Преемники Каткарта такими, судя по всему, уже не были. Когда Каткарт в 1772 году возвращается в Англию, то прибывший ему на смену посланник Роберт Ганнинг и сменивший его Джеймс Гаррис вновь все чаще отмечают не столько благотворные цели и результаты реформаторской деятельности Екатерины, сколько незавершенность всех и всяческих начинаний: императрица

предпринимает огромные общественные работы, основывает коллегии и академии в широком размахе и ценою крупных расходов, а между тем не доводит ни одного из этих учреждений до некоторой степени совершенства и даже не оканчивает постройку зданий, предназначенных для них[1] (Р. Ганнинг).

Чумной бунт и восстание Пугачева убедили английских дипломатов в тщетности осуждения диктатуры в России. В Британии окончательно вернулись к маркеру варварства русского народа, нуждающегося в деспотии: «характер и расположение этого народа таковы, что, коль скоро он не чувствует ежедневно всей силы власти, он забывает о самом существовании этой власти»[2]. Впрочем, Джеймс Гаррис полагал, что лишь мягкость правления императрицы «ведет к общему благу» и что это гораздо важнее «мастерски начертанного самой императрицей» Уложения, которое «по многим причинам привести в действие невозможно».

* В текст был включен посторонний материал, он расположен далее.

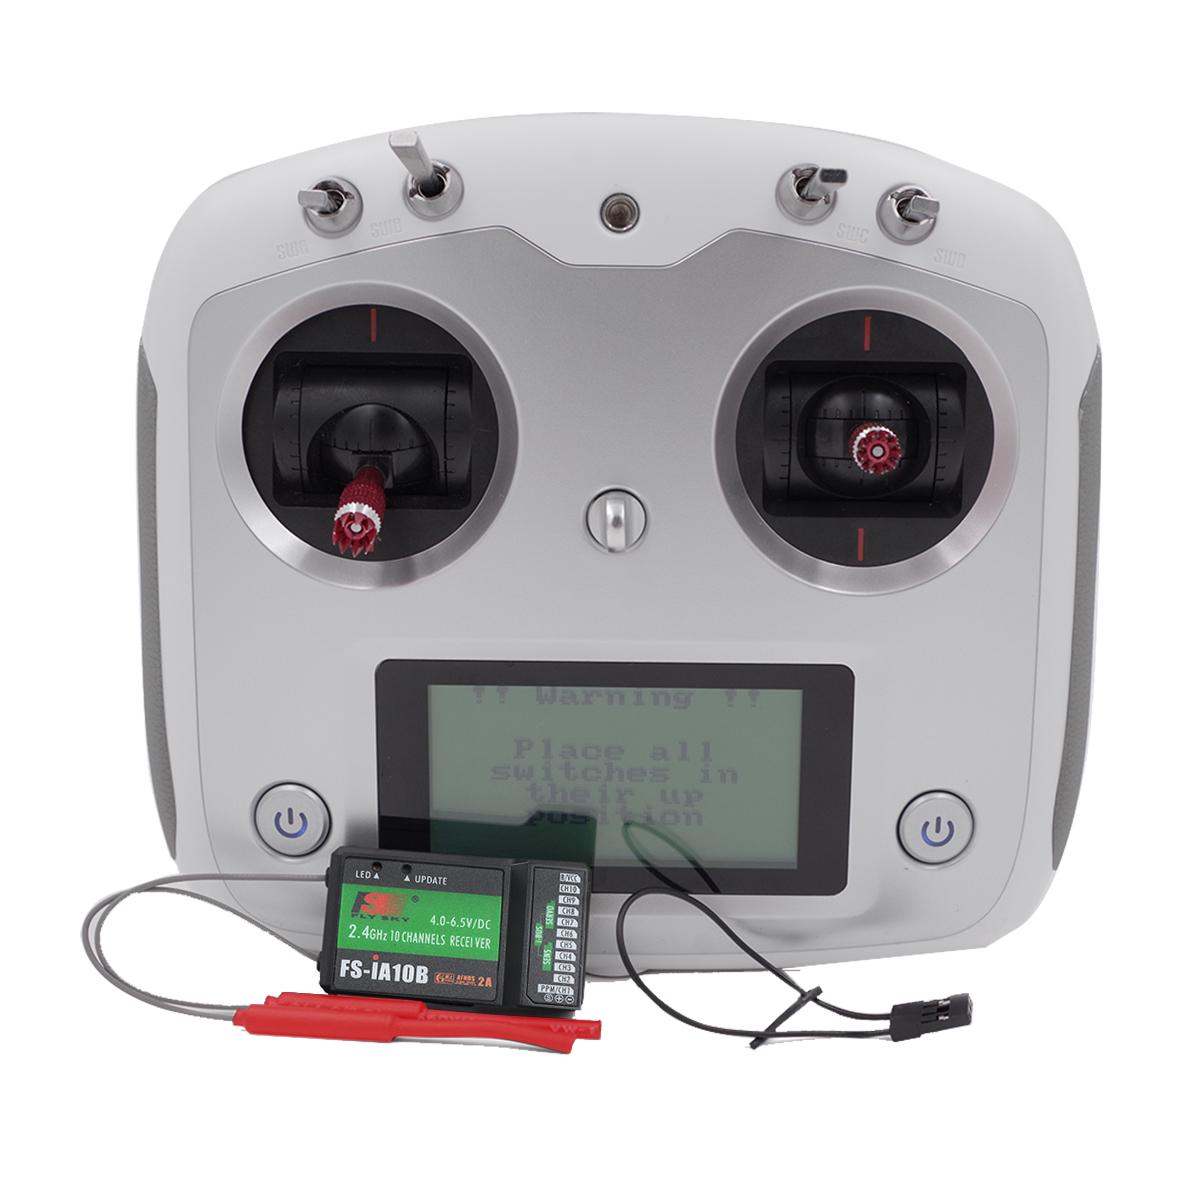 Flysky FS-i6S 2.4G 10ch RC Transmitter Controller w/ 6ch FS-iA6B Receiver or 10ch FS-iA10B receiver white_FS-i6S+IA10B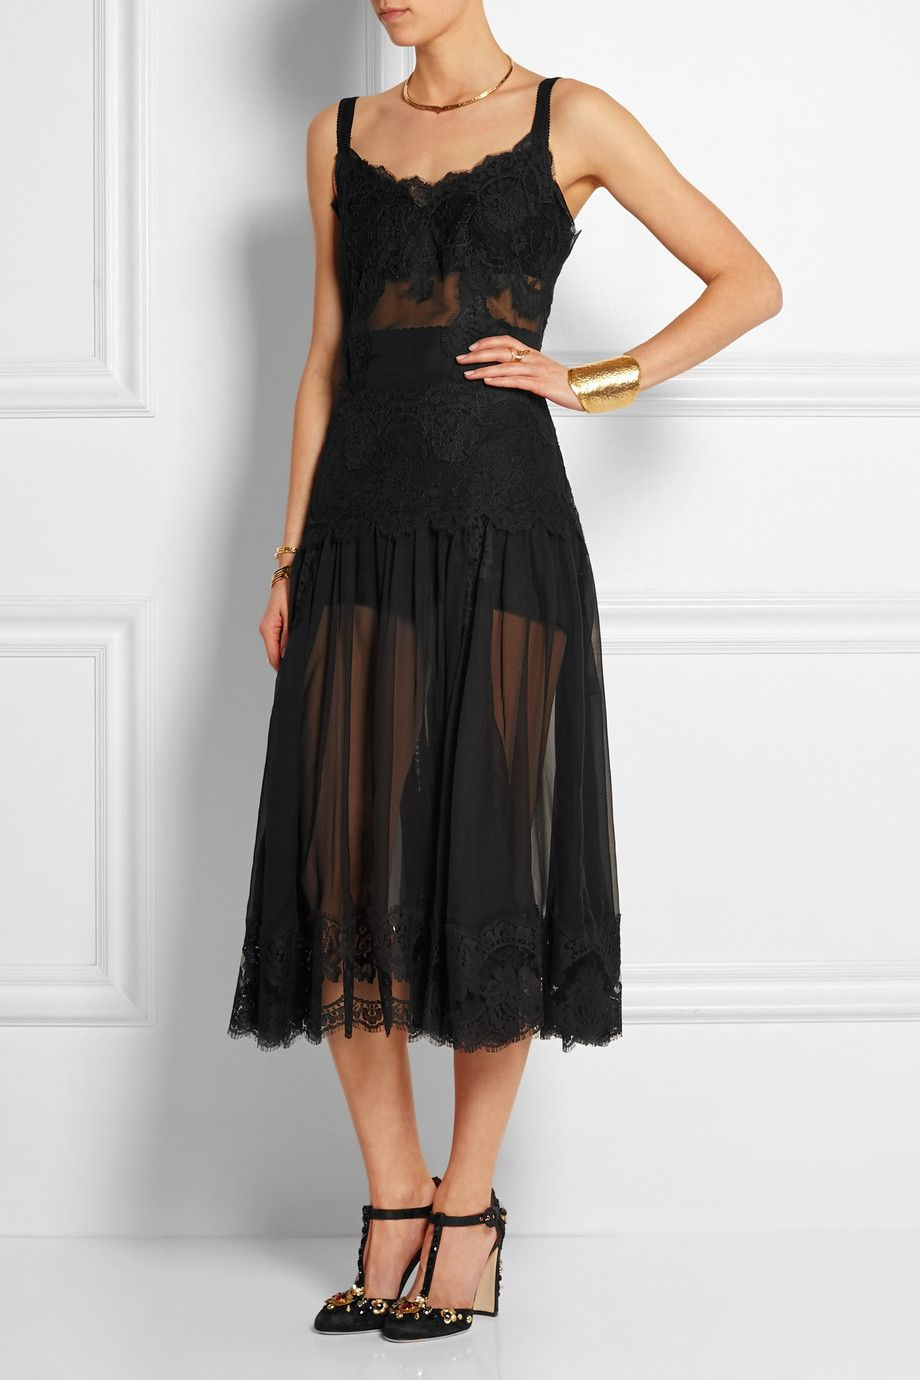 Dolce & Gabbana|Lace and silk-blend chiffon midi dress|NET-A-PORTER.COM

Таким образом, для островного менталитета большинства британских дипломатов 1760–1780‑х годов Россия была еще слишком далекой от их цивилизованного отечества и тем более от идеала, начертанного в писаниях самой российской императрицы. Поэтому в империи, где все зависело от каприза деспотичной, хотя и мудрой императрицы, где большинство проектов оставались незавершенными и не было достойных исполнителей, чтобы их завершить, власть должна была оставаться в руках Екатерины II. И чем раньше под влиянием неудач своей миссии для дипломата меркло обаяние просвещенной правительницы, тем быстрее в его депешах всплывали образы «варварства» и «дикости» Российской империи.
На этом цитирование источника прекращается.